When Sigourney Weaver donned her high-tech docker hardware suit for an epic fight to the death with her alien nemesis at the end of the movie Aliens, the film-makers created a convincing representation of a powerful robotic complement to human physical strength and capability. It’s one that relies on the successful implementation of haptic technology, the physical feedback that introduces human sensitivity to control techno-muscle.

While haptics is a term that brings rapture to sci-fi enthusiasts and computer gamers, it’s a technology that matures in fits and starts before emerging into everyday use in forms that are immediately recognisable – like add-ons for computer gaming, or gloves to control devices via 3D virtual reality software. But haptic technology is on its way and there are enough real-world applications for it to provide profitable business at the bleeding edge of high-tech advances. It is the potent key to realistic and useful implementations of 3D virtual experiences.

The term ‘haptic’ originates from the Greek word ‘haphe’ which relates to the sense of touch. According to Wikipedia, haptic technology “interfaces the user via the sense of touch by applying forces, vibrations and/or motions to the user. This mechanical stimulation is used to create haptic virtual objects.”

Game players have no need for such dry definitions. They experience it as the resistance they experience from their driving controls when they are in the full throes of a Grand Prix, for example. The difficulty in turning the steering wheel at a tight corner is realistic enough to magnify the illusion of driving and maximise the game player’s engagement.

In the gaming context the resistance doesn’t have to be a precise analogy of reality because it is part of creating a powerful illusion, but in emerging ‘professional’ implementations, accuracy and precision are crucial. Medical institutions using the technology to train doctors want the most realistic simulations available, and toymakers ‘sculpting’ their latest creations to be output on a 3D printer have no time for What You See Isn’t What You Get.
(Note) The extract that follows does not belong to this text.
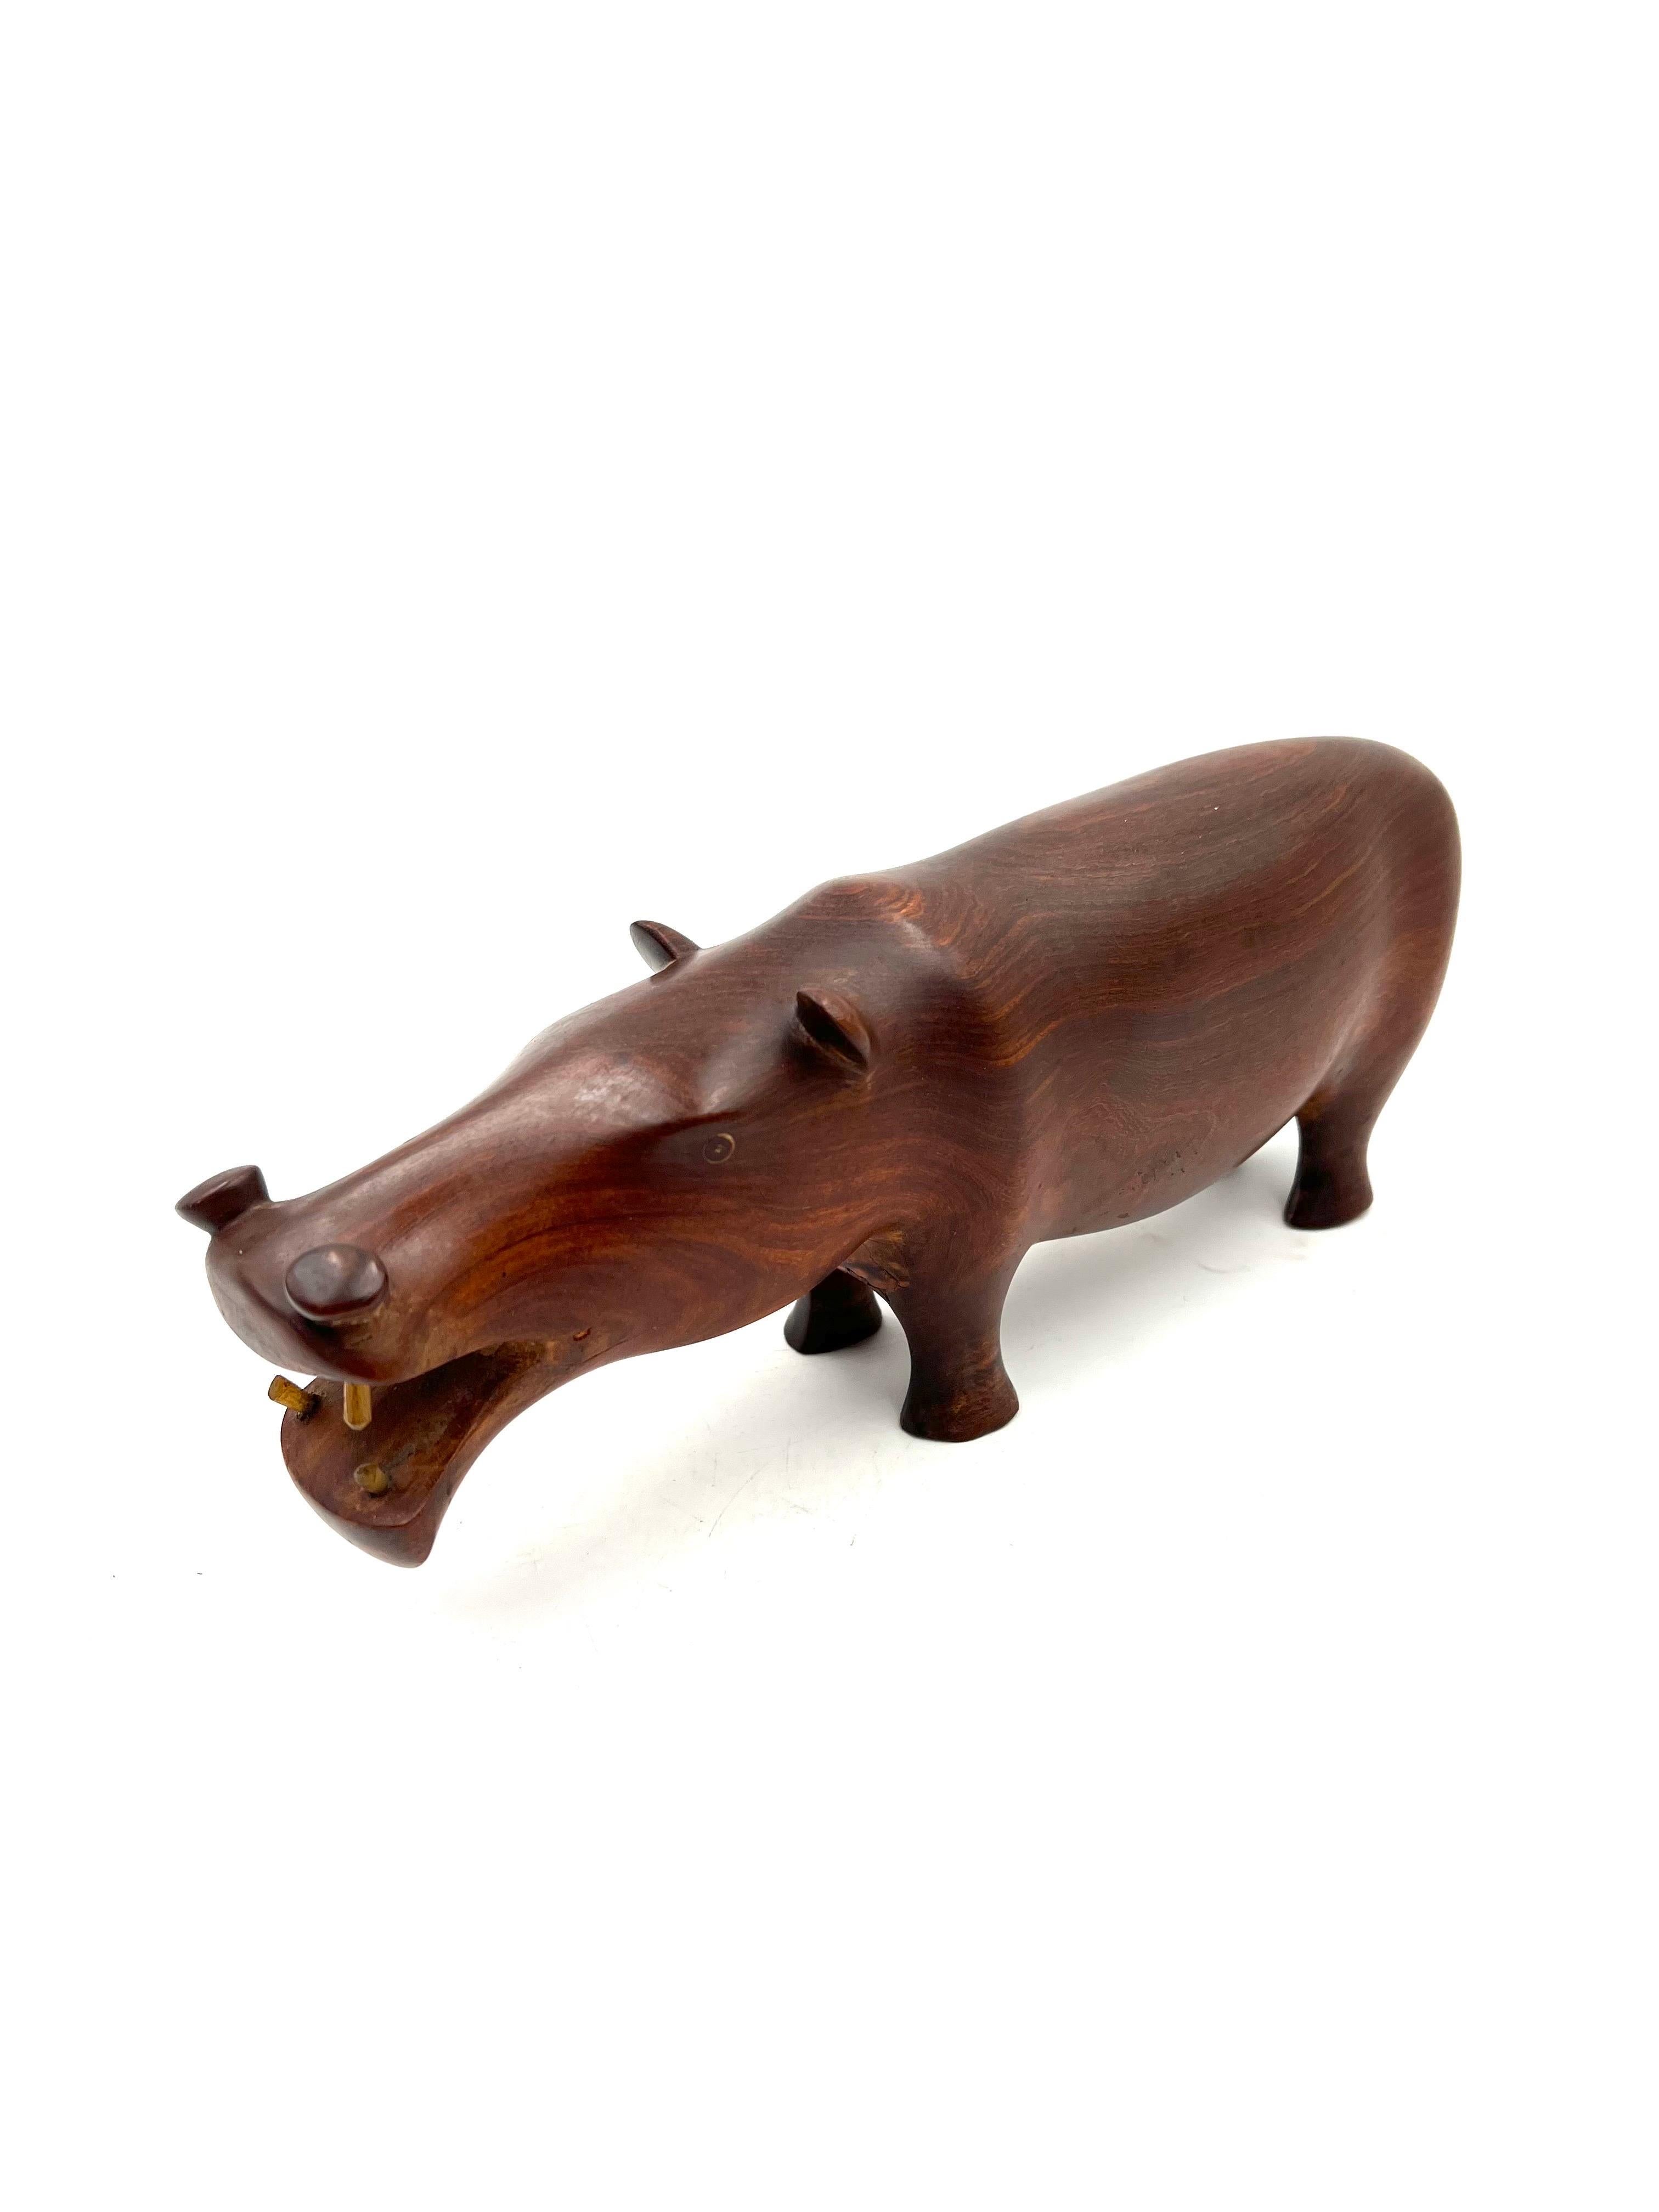 Magnifique et rare sculpture d'Hippopotame en bois de rose sculpté à la main avec des dents en os, circa 1970, bel état d'origine sans éclats, fissures ou rayures.

A visit to the London premises of Inition, a six-year veteran of the world of 3D creativity (it’s a long time in this area), provides a dynamic and real-life introduction to the full range of virtual technology. Situated between the City and Hoxton, it’s an area teeming with creativity and innovation.

Inition’s basement demonstration area is a technology frontline full of the wow factor, literally in the case of the Philips 42-inch WOWvx ‘intelligent display’. This high definition screen converts 2D television programmes to 3D on the fly, and while the visuals are pretty spectacular, they are not as thought-provoking as some of the more intriguing haptic technologies available here as everyday products.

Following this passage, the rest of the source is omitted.